▸ **Information shown**
- - -
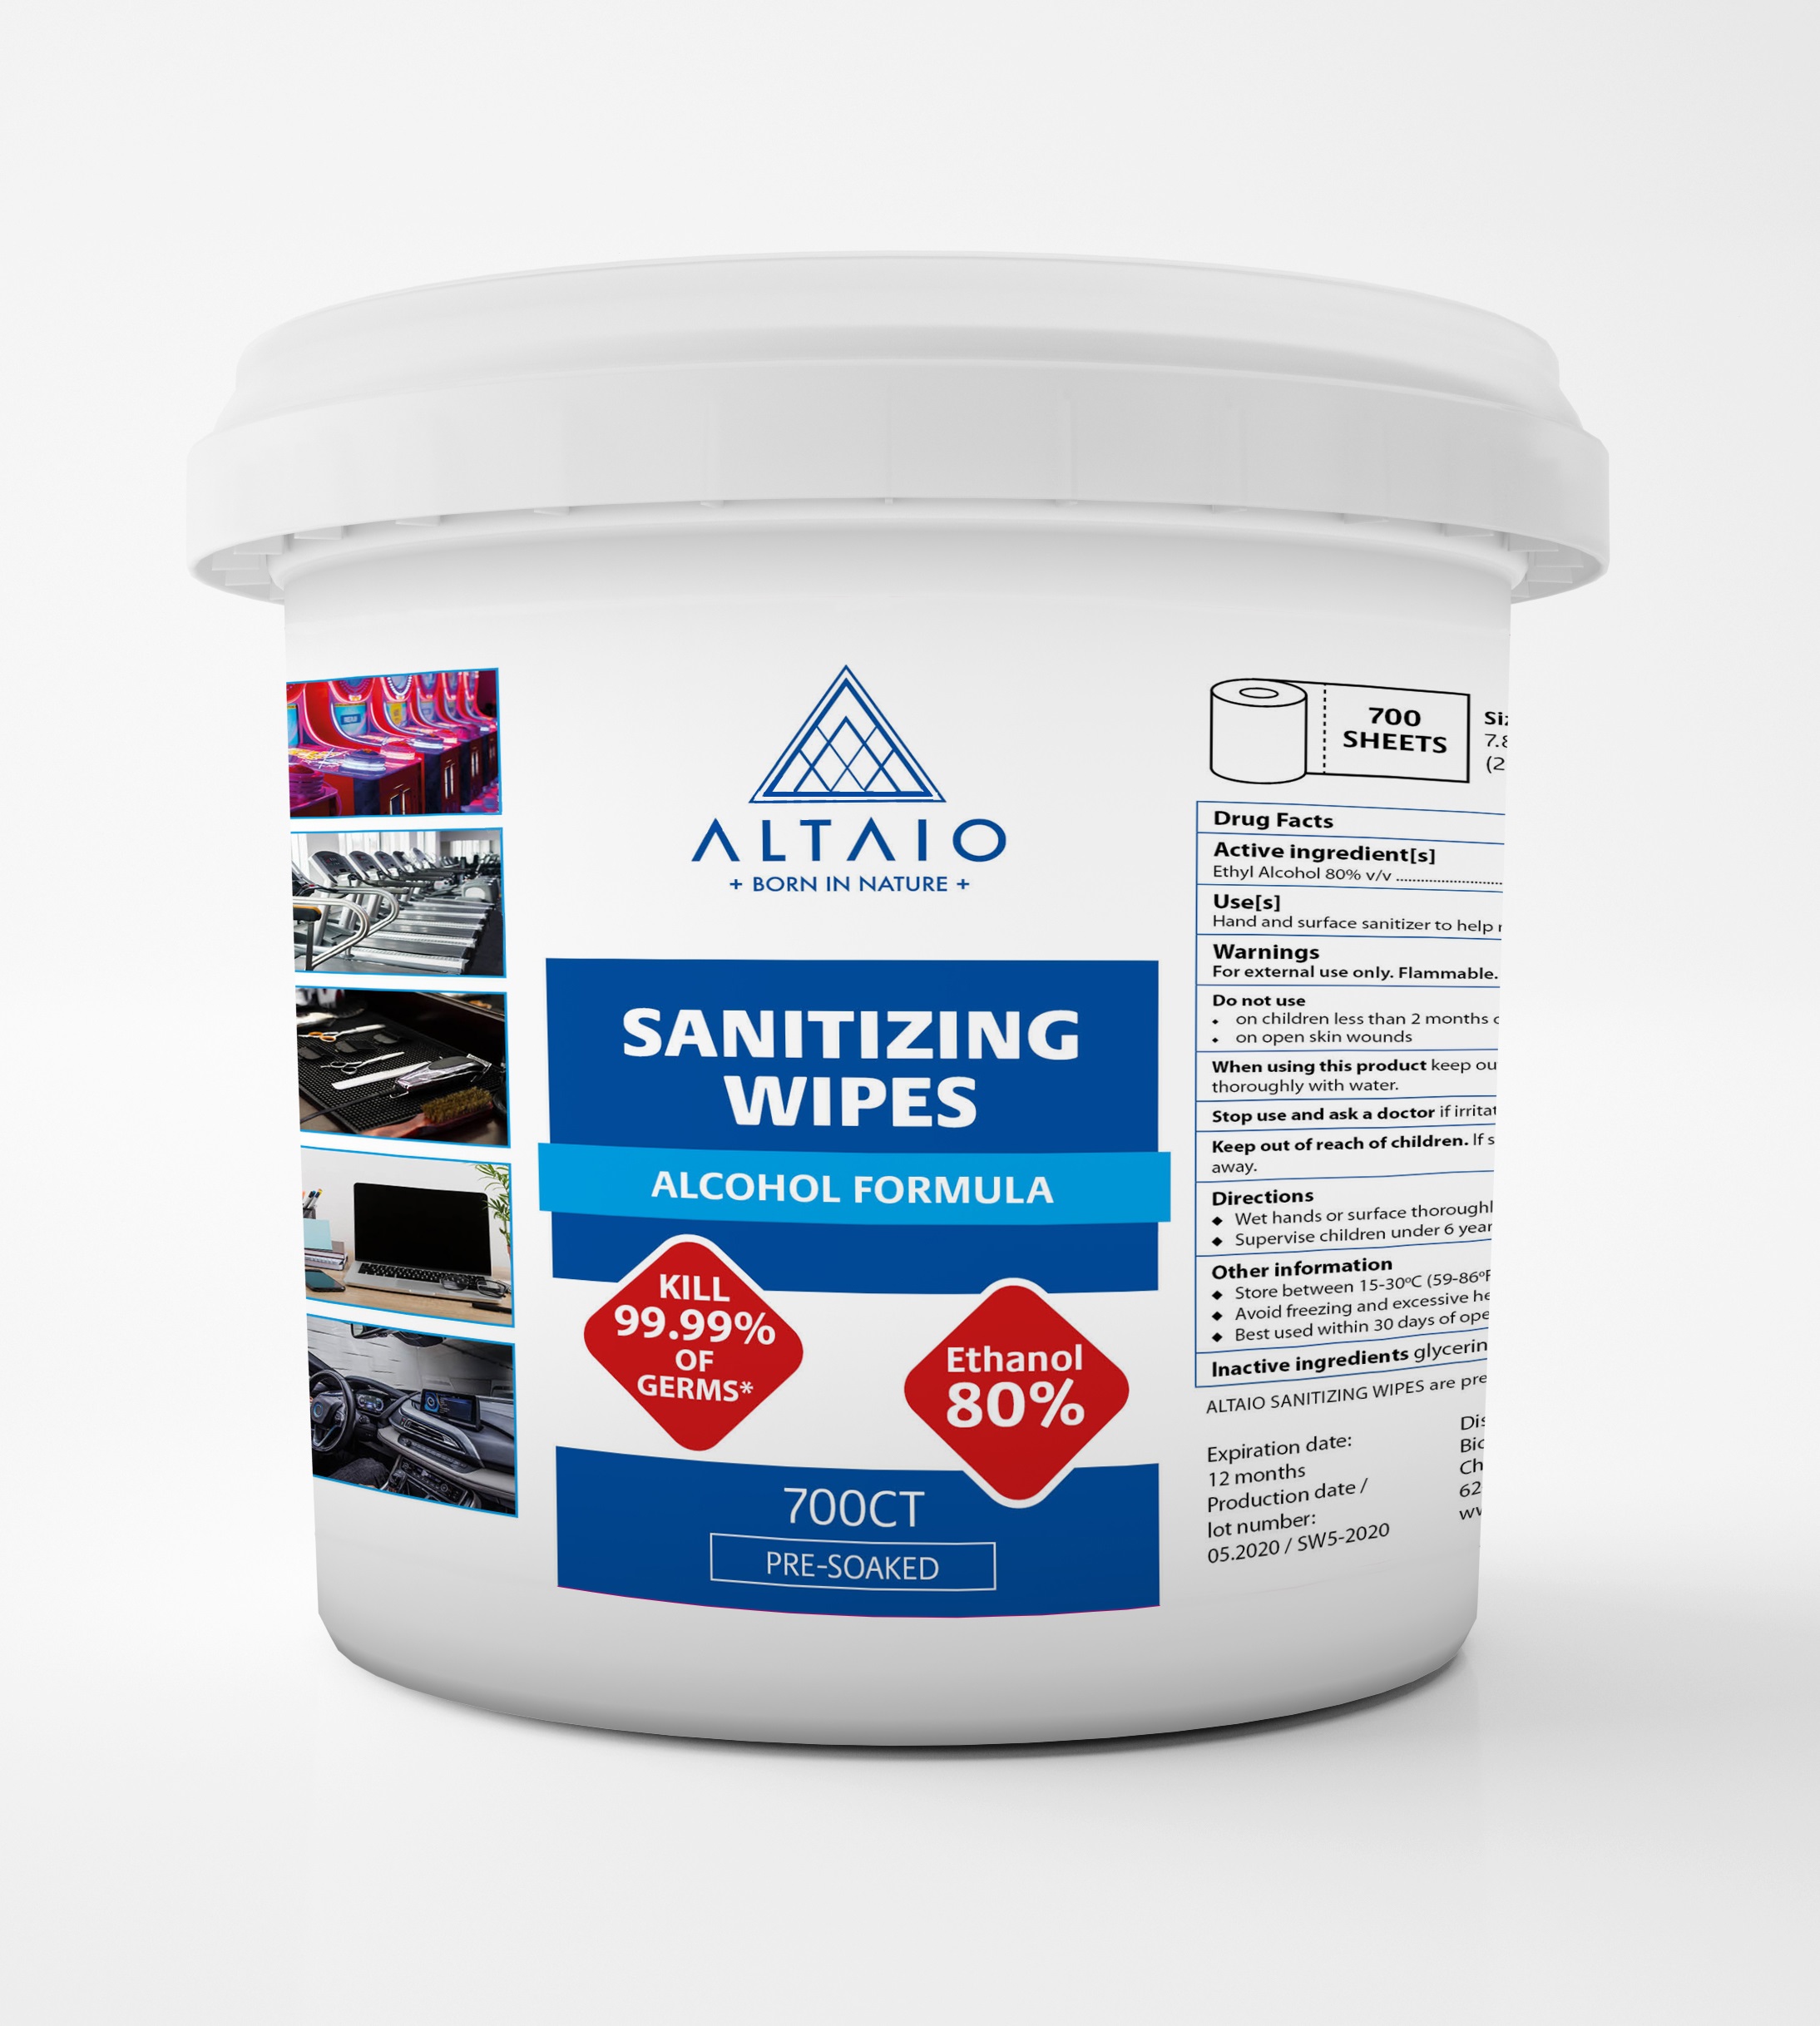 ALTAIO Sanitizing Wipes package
- - -
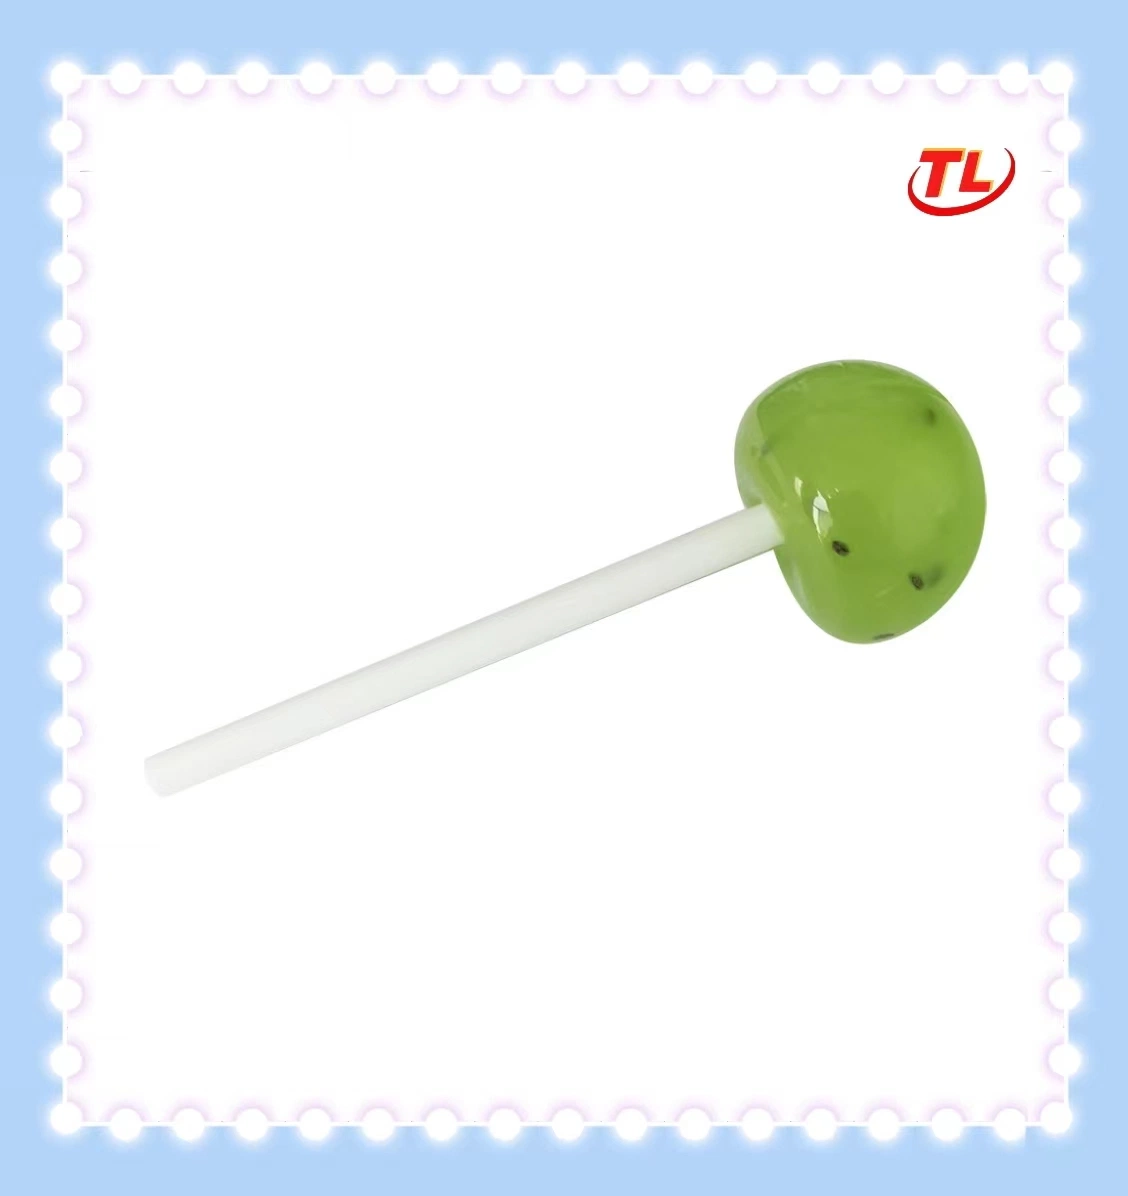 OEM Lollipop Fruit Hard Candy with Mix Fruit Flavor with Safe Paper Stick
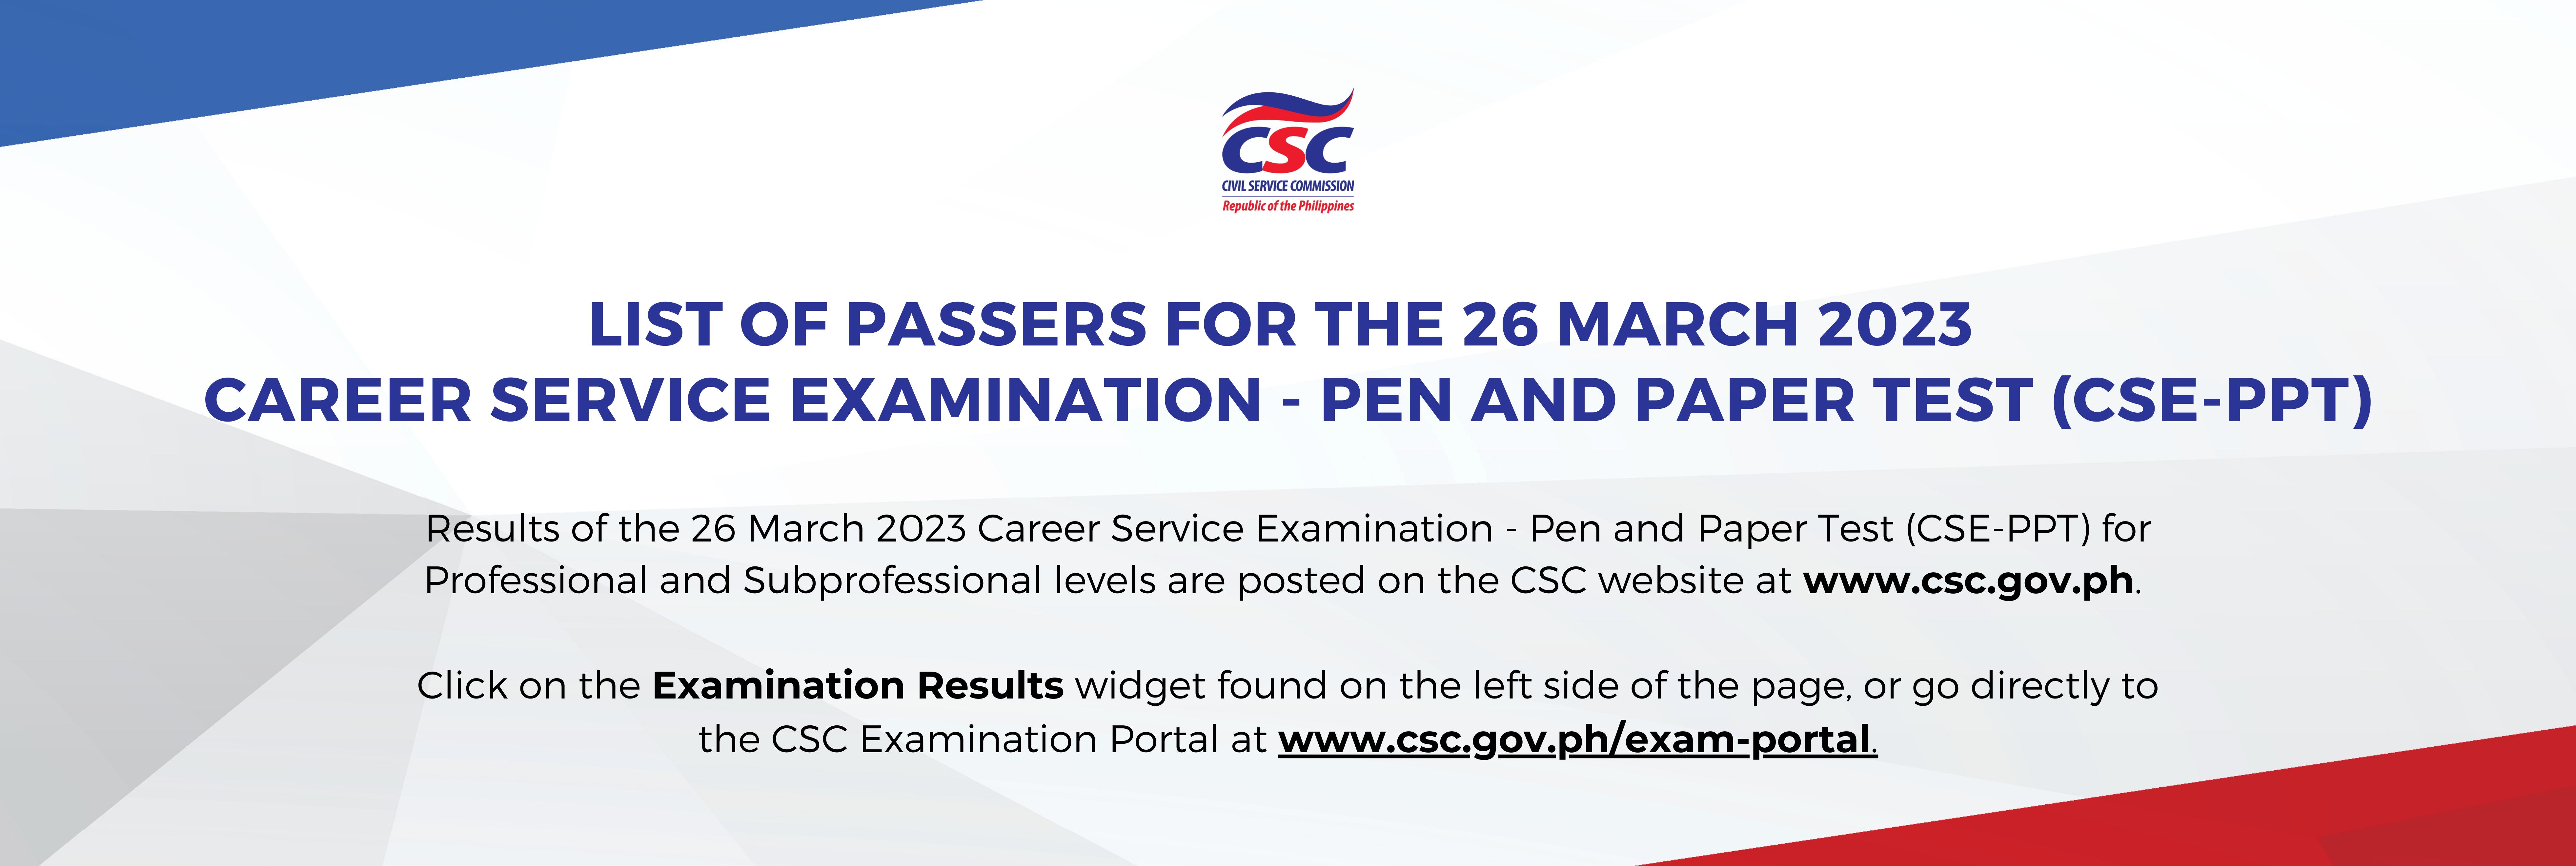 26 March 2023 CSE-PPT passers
- - -
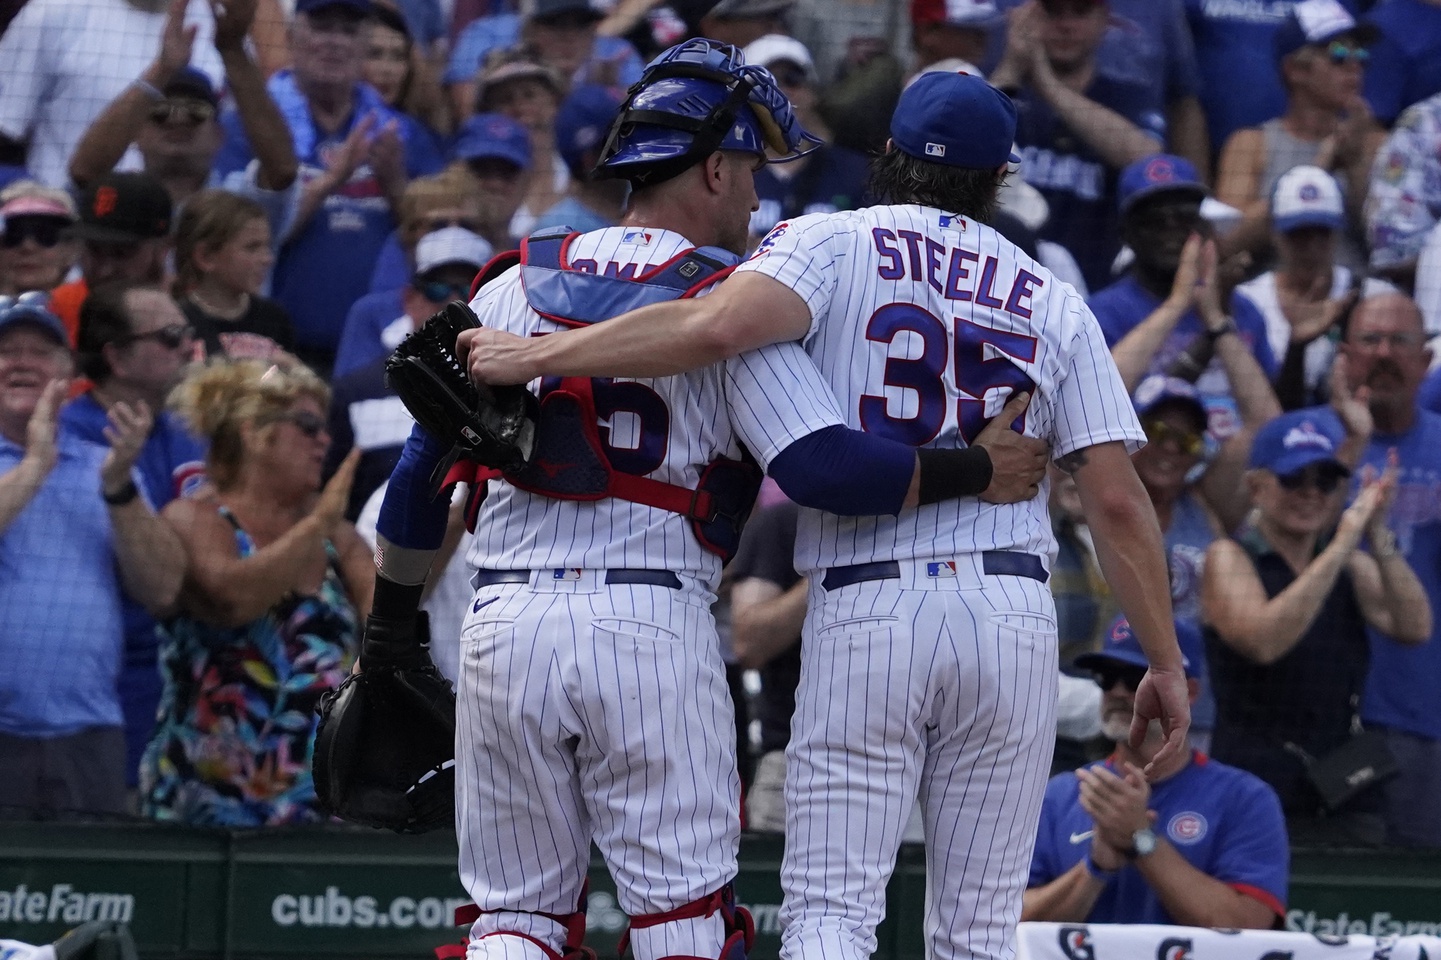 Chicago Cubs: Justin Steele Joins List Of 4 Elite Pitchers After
- - -
▸ **Exercise objective**
Working from the entries above, please transcribe only the lines from the line with "OEM Lollipop Fruit" through the line with "26 March 2023 CSE-PPT passers", exactly, with both end lines and without pictures.

▸ **Answer**
 OEM Lollipop Fruit Hard Candy with Mix Fruit Flavor with Safe Paper Stick
 26 March 2023 CSE-PPT passers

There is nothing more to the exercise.